Success will require another round of compromise, however, particularly on oil revenues. Some form of revenue-sharing on oil will need to be maintained to soften the economic blow of southern succession for Khartoum. As it turns out, the geography of oil in Sudan does not lend itself to zero-sum thinking by either side, as the main reserves are south but the pipelines and refineries are in the north. Juba and Khartoum will have to cooperate if either side is to benefit. This reality, along with diplomatic pressures on a southern government that desires international recognition, will facilitate a compromise that keeps some oil revenues flowing to Khartoum (though probably less than the 50 percent cut it currently gets).
These negotiations need to begin in earnest now. They cannot wait until January 2011, the day after the referendum vote. By then, the six month transition to statehood should already be underway, with everything from border demarcation to securing diplomatic recognition on the to-do list, little of which will be easy. Khartoum will need assurance that southern independence will not come at its expense, whether economically or diplomatically. Here the U.S. administration has a critical, albeit politically difficult, role to play by taking concrete measures towards sanctions removal and normalization if the elections are relatively credible and the referendum takes place on schedule. This diplomatic carrot, which has been dangled for years, would give Khartoum further incentive to accept southern independence.

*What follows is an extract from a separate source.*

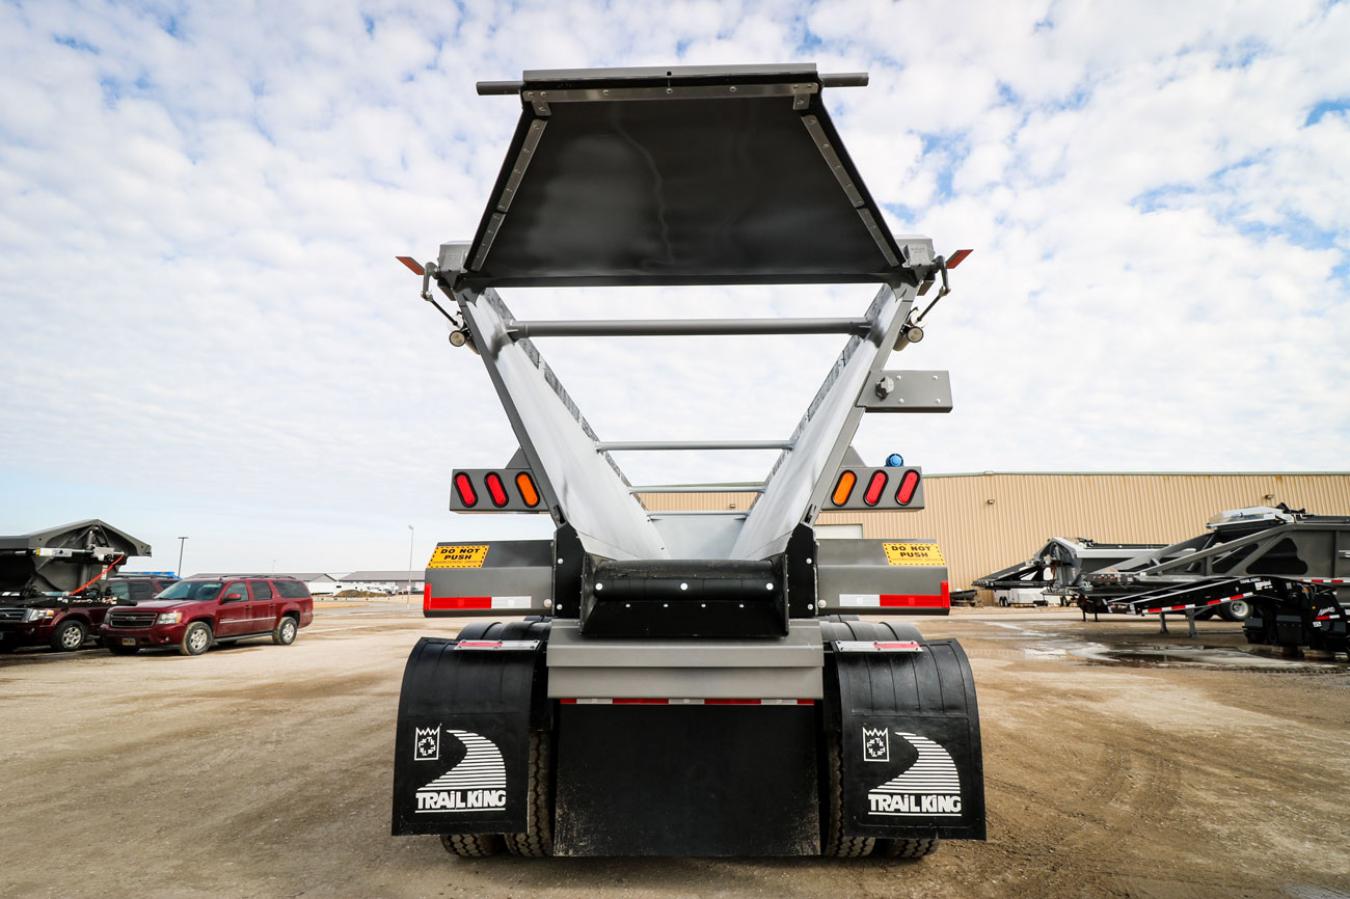 An exterior shot of the back of a Trail King Trailer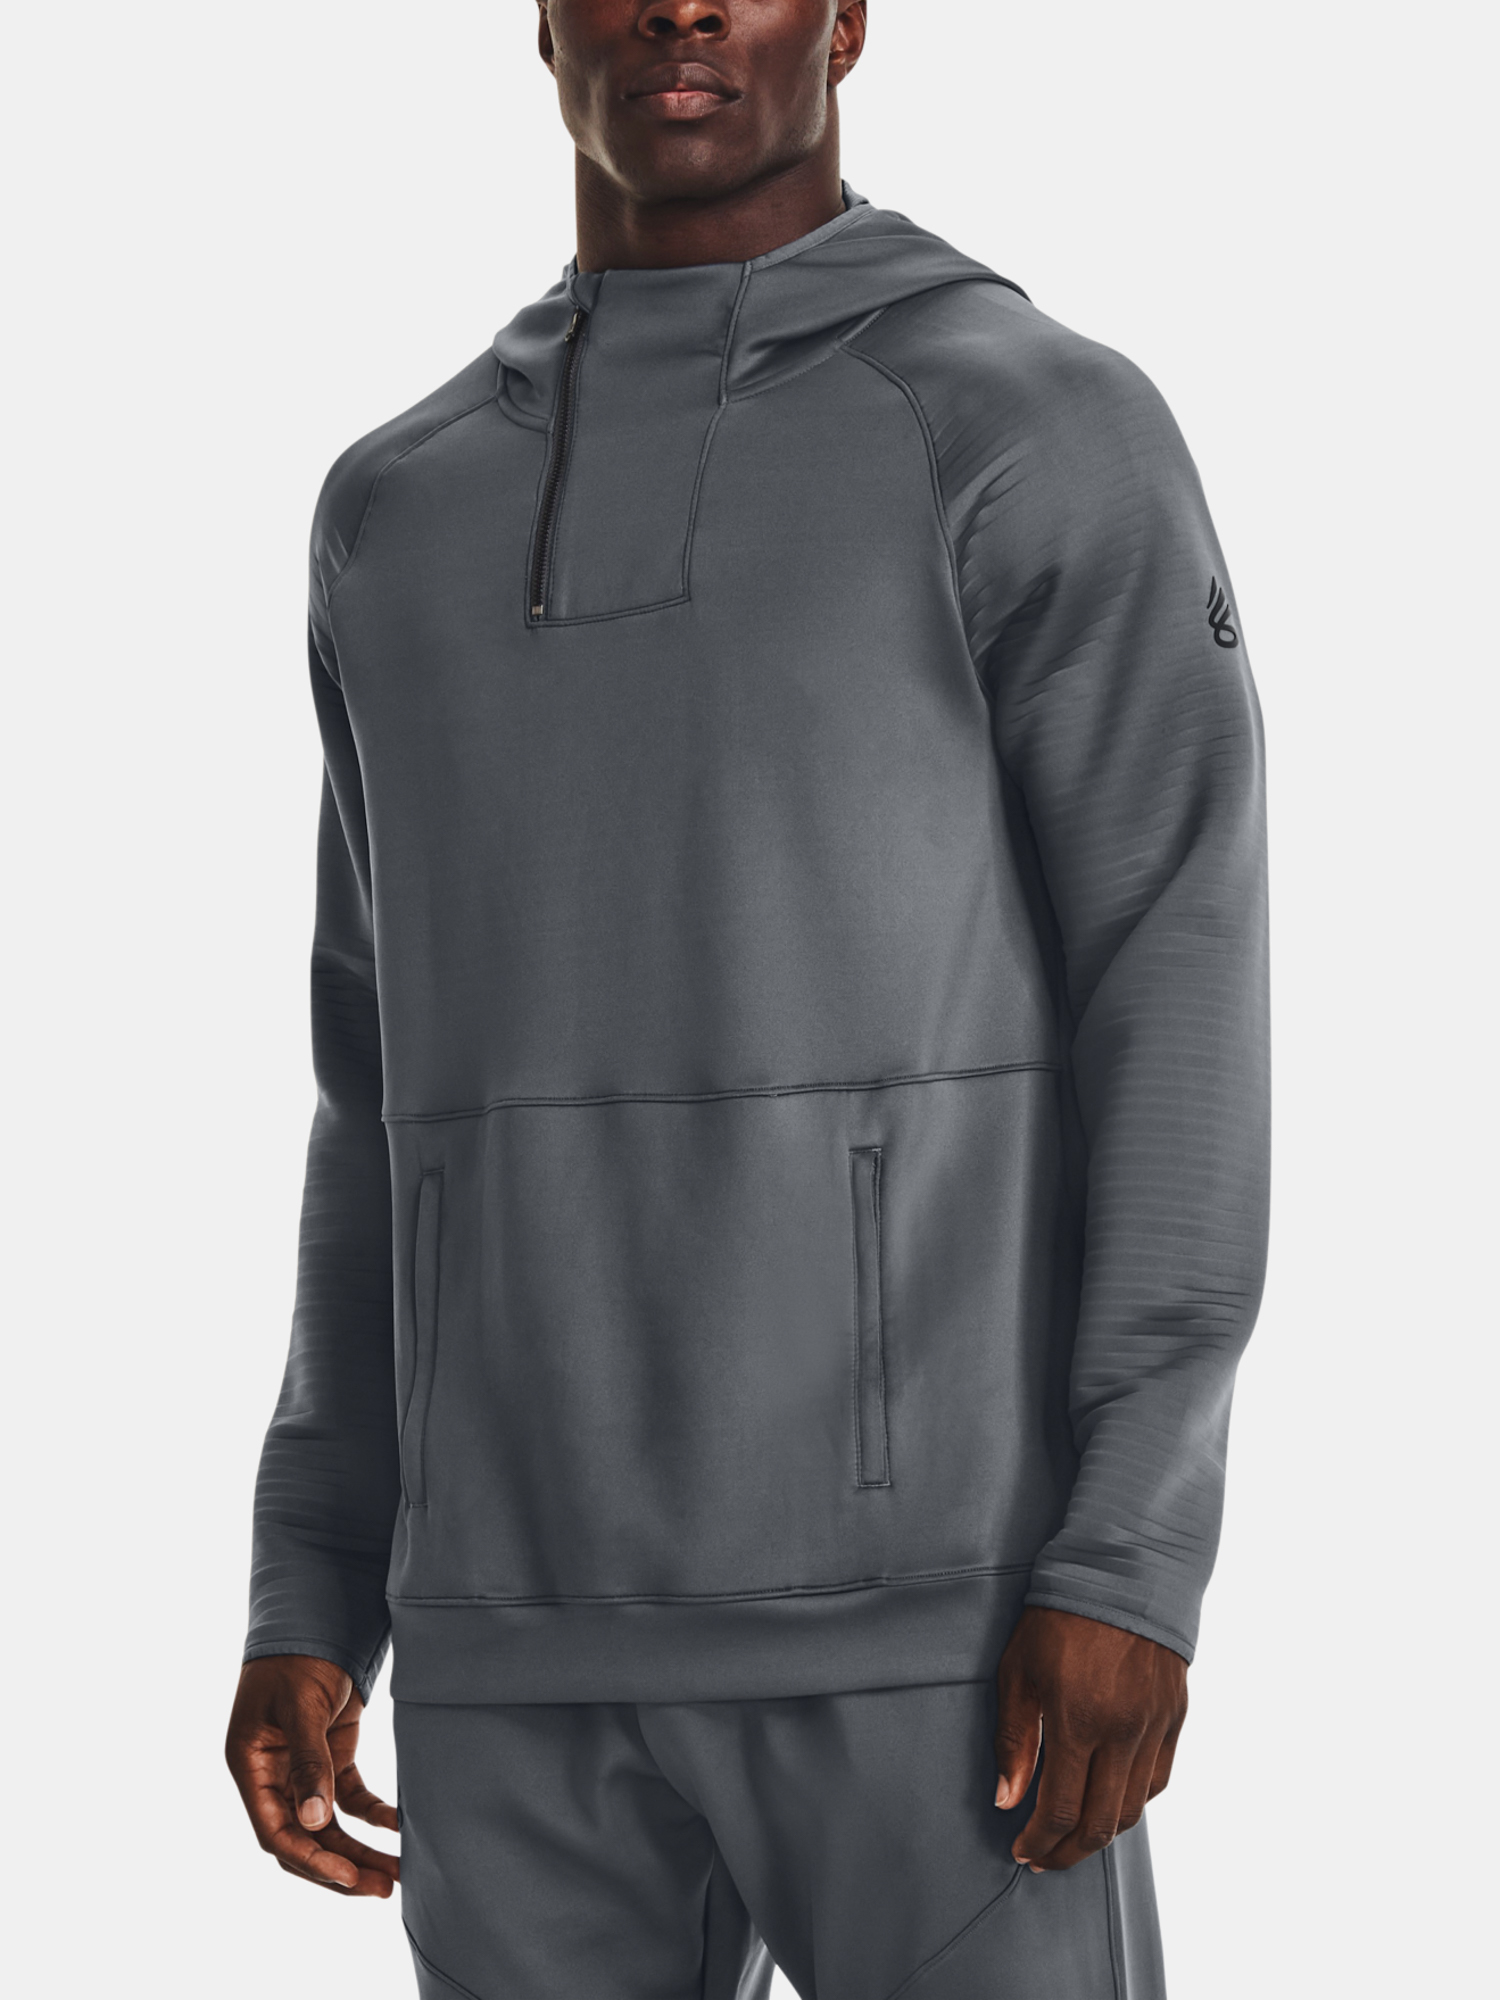 Under Armour Curry Playable Jacket-GRY - Men's

Even if this relatively peaceful scenario transpires over the next 10 months, it is not at all clear that the newly independent south will be a self-sufficient, viable state. Juba’s natural allies (including the United States, European Union and neighbors in the region such as Kenya and Ethiopia) are all worried that southern Sudan could become Africa’s next basket-case, not to mention an inspiration for separatist movements across the continent, beginning with other regions in Sudan such as Darfur. Competition for scarce resources already pits communities and ethnic groups against one another, leading to casualty figures in the south that outnumbered those in Darfur last year. It may be that by January 2012, the newspaper headlines on Sudan will not be warning of a return to war between north and south, but rather of growing disappointment, ethnic rivalry, and unrest within the south itself.
Philippe de Pontet is a sub-Saharan Africa analyst at Eurasia Group.